First, I will import some useful and standard libraries.

In [21]:
import pandas as pd
import datetime as dt
import numpy as np 
import matplotlib.pyplot as plt
from math import sin, cos, sqrt, atan2, radians
import seaborn as sns
from sklearn.neighbors import KNeighborsRegressor
from sklearn.model_selection import KFold


%matplotlib inline

Then, I will define some functions that will help be get the features I need from the raw data.

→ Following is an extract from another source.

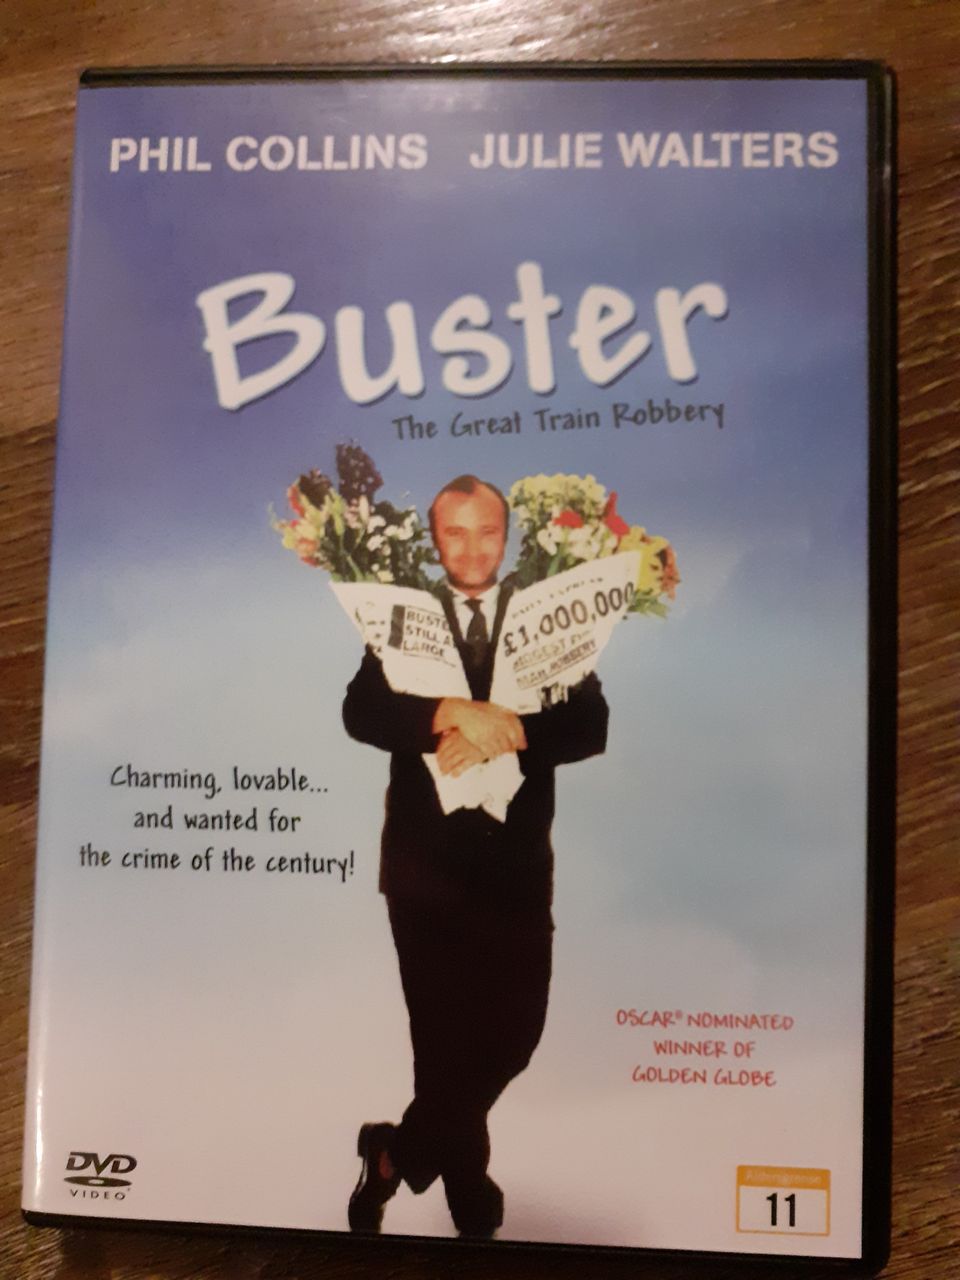 Buster - the great train robbery

Mainly, I will convert the pickup_datetime from a string to a datetime object so that I can extract hour and day of the week easily.
Also, I will use the function *get_distance* to calculate the distance between pickup (lat, long)  and dropoff (lat, long).

In [22]:
def convert_datetime(s):
    if type(s)==str:
        return dt.datetime.strptime(s, '%Y-%m-%d %H:%M:%S')
    else:
        return s
    
def get_hour(d):
    return d.hour

def get_weekday(d):
    weekday = d.isoweekday()
    return weekday

# def get_geohash(row):
#     return geohash.encode(row['pickup_latitude'], row['pickup_longitude'], precision=6)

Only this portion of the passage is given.